[R] Calling a procedure

[Rui Barradas]

Hello,

You are making a confusion between

1. the formal argument log.p
2. the variable log.p

In the function body, log.p is a variable that exists in the function's 
frame, not the formal argument of pnorm.
The first and the 3rd calls that follow output the same value.

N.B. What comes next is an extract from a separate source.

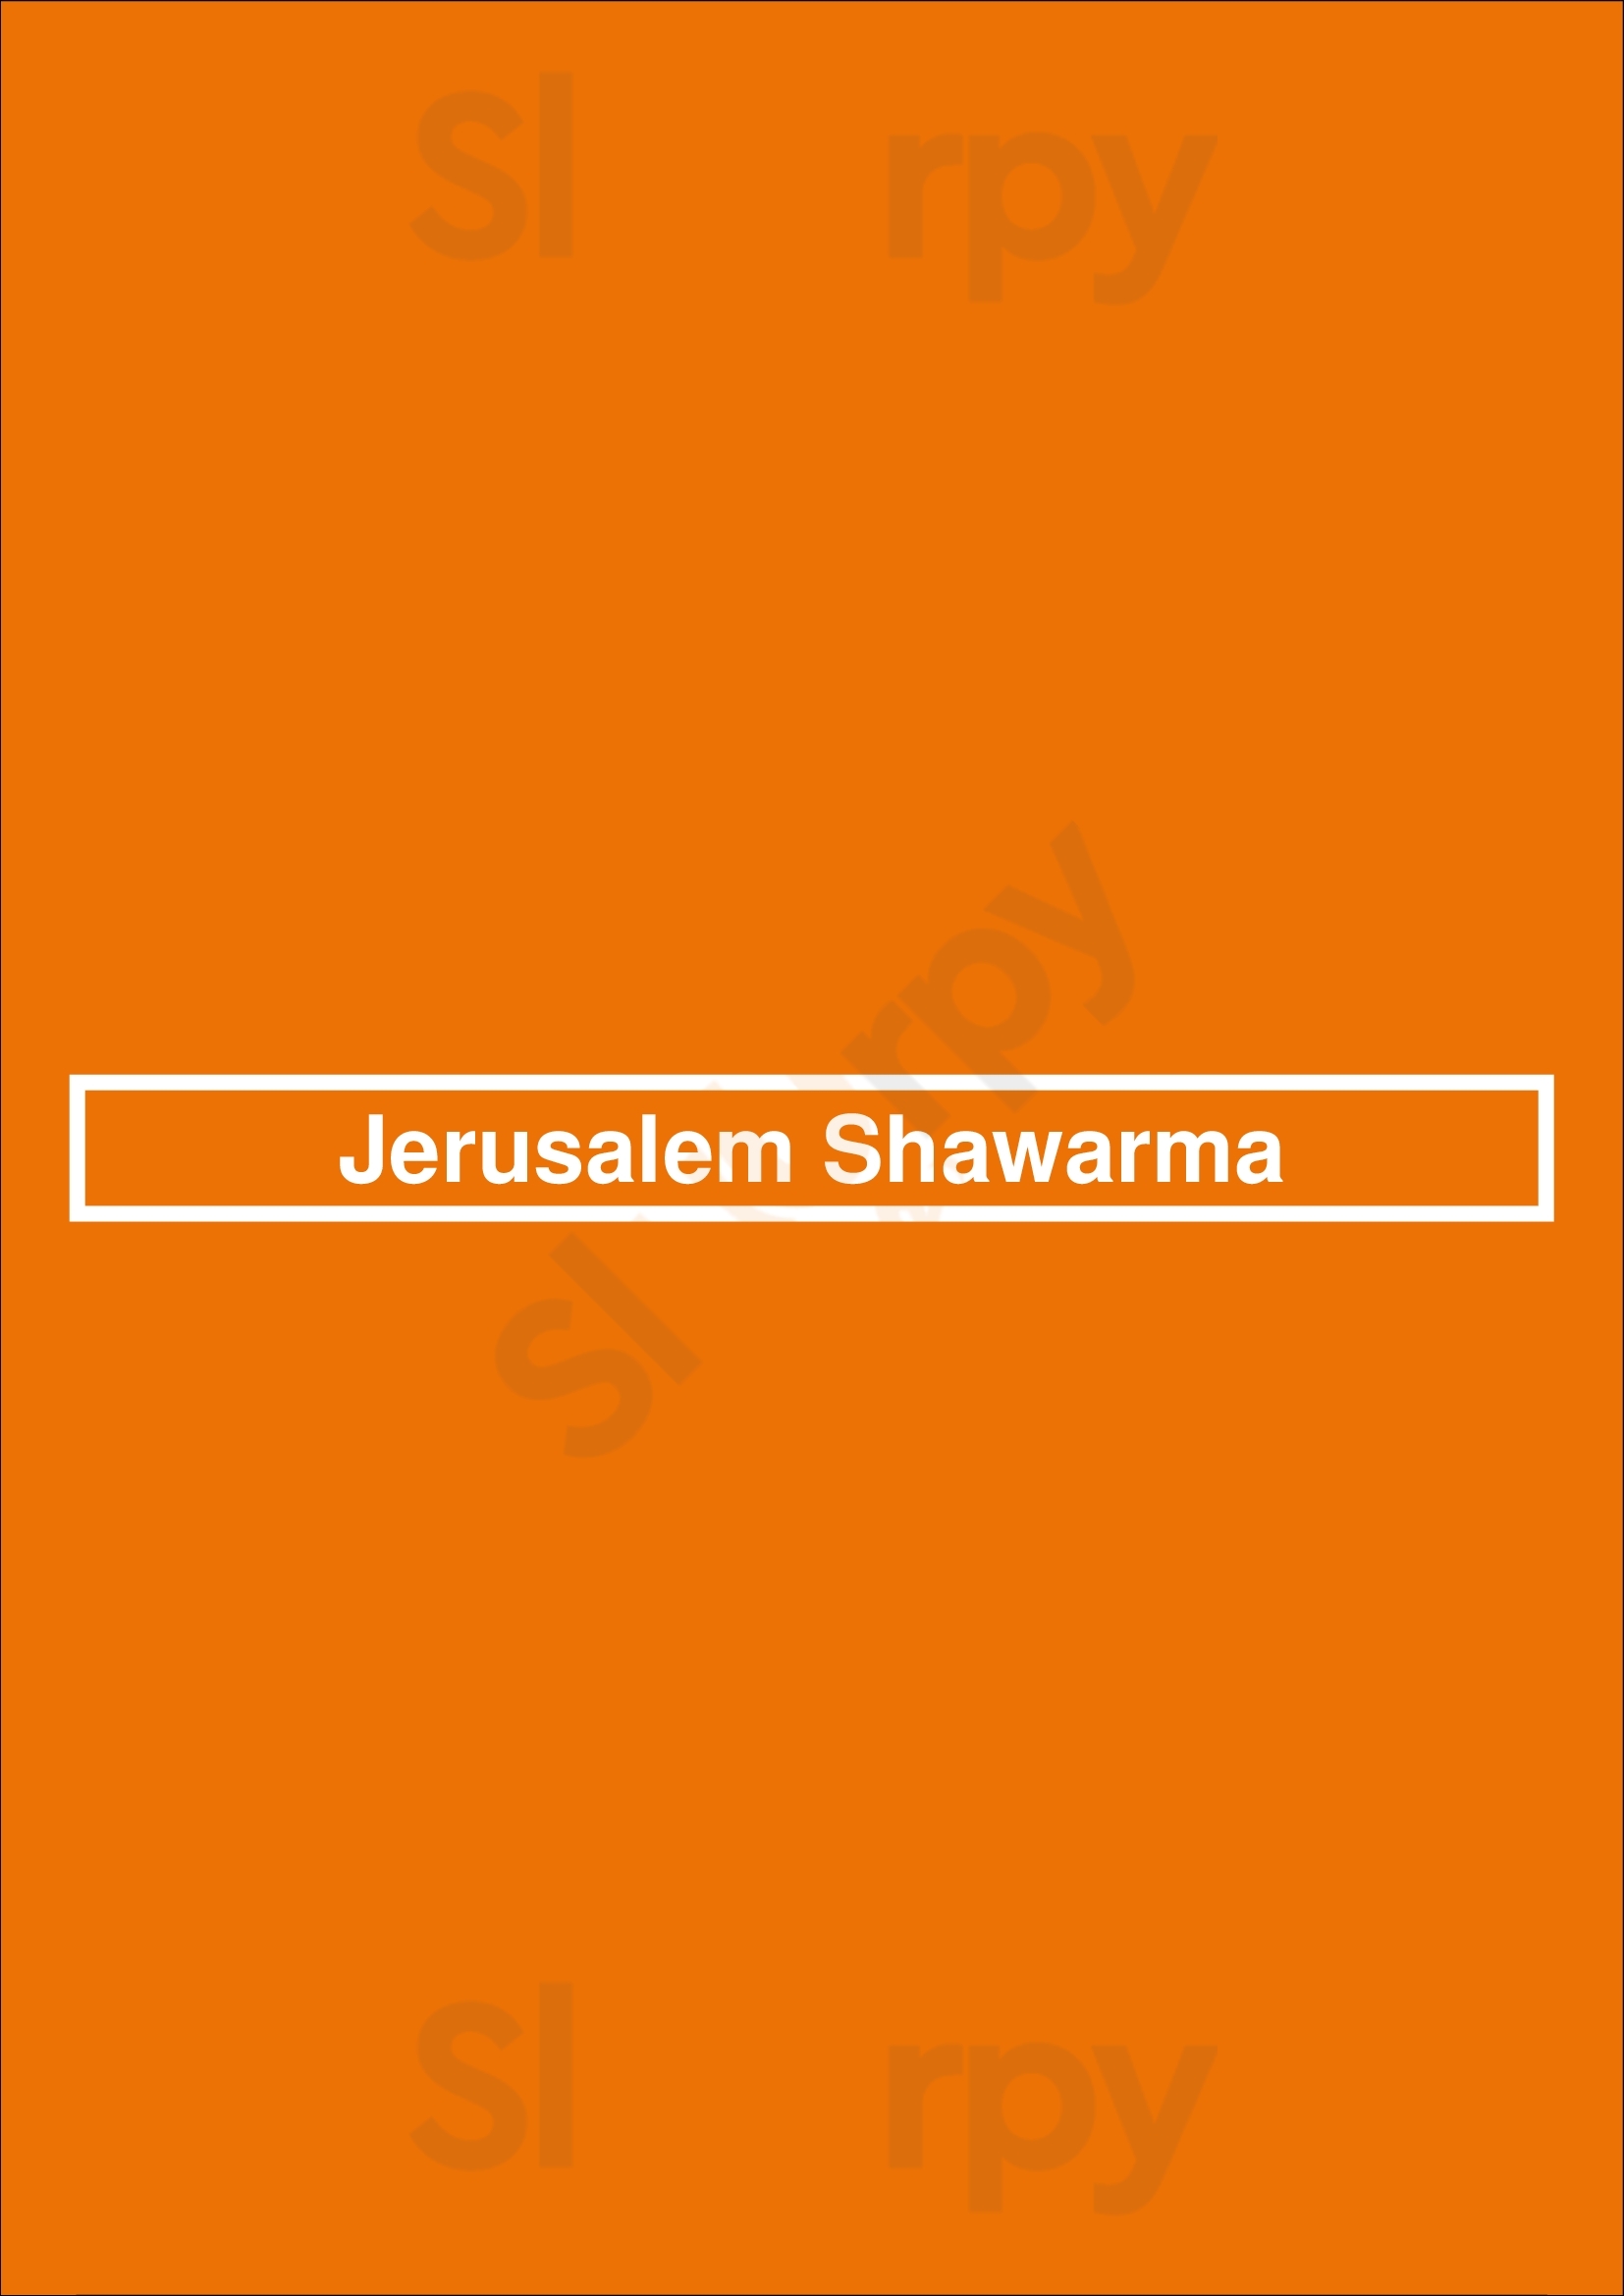 Jerusalem Shawarma Calgary Menu - 1
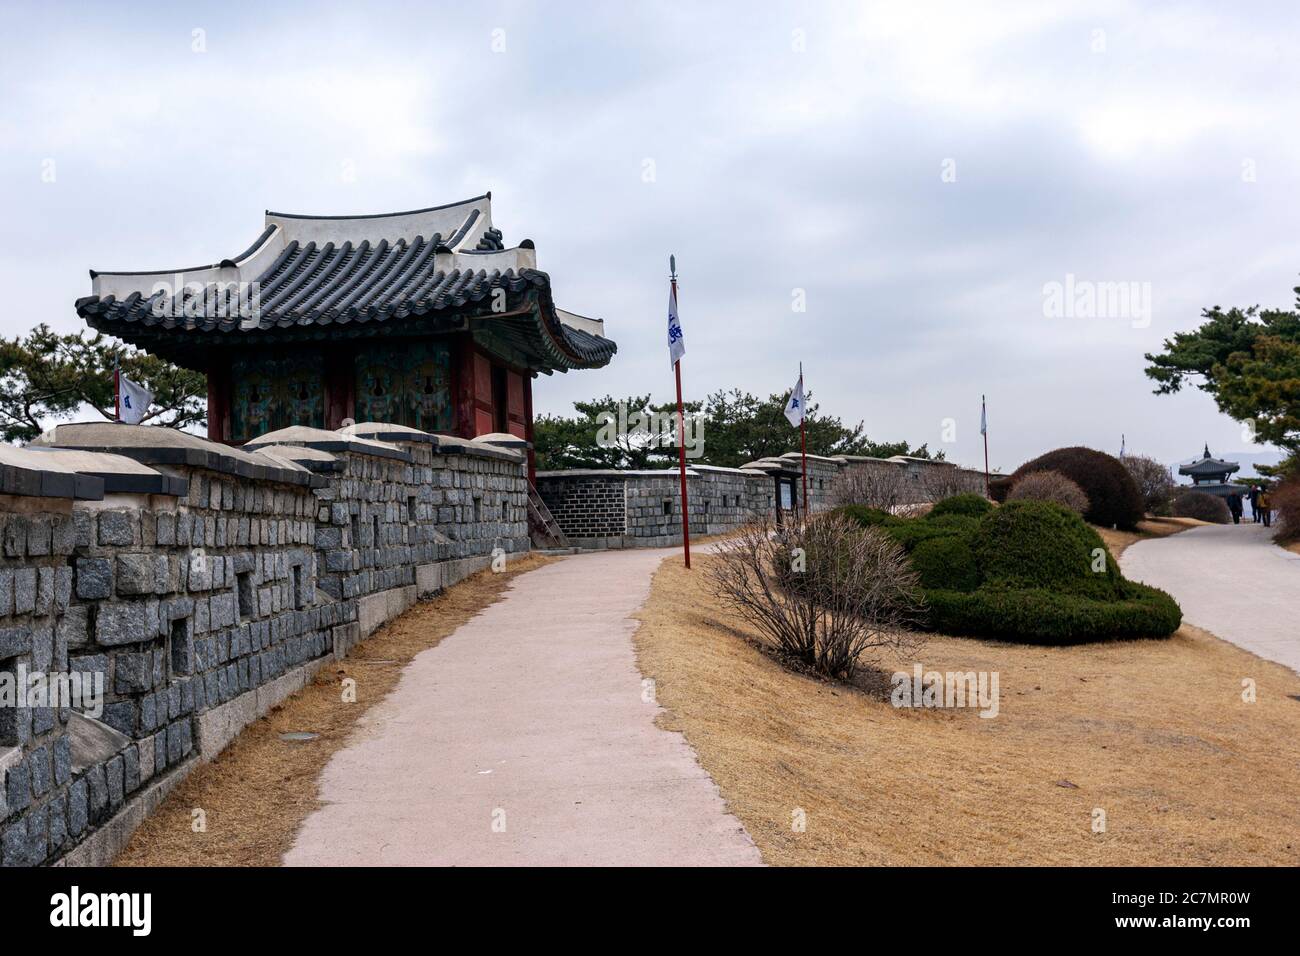 Seoporu, Hwaseong Fortress, Suwon, Gyeonggi Province, South Korea Stock Photo

try(x = 1.2, log.p = TRUE)$a
try(x = 1.2, log.p = TRUE)$b
try(x = 1.2, 1)$a

This is because in the function

   a<-pnorm(x,log.p)       # first call

passes log.p as the *second* argument, not as a value for pnorm's formal 
argument log.p. Unless when named, the arguments are passed in the order 
they appear in the function's definition:

pnorm(q, mean = 0, sd = 1, lower.tail = TRUE, log.p = FALSE)

and that becomes

   a<-pnorm(x,TRUE)       # first call
   a<-pnorm(x,1)          # first call, coerced to numeric.


Let me give another example. In the function that follows the default is 
z = FALSE.

In the first call the name z is not the name of the argument, it's the 
name of a variable that exists in the .GlobalEnv.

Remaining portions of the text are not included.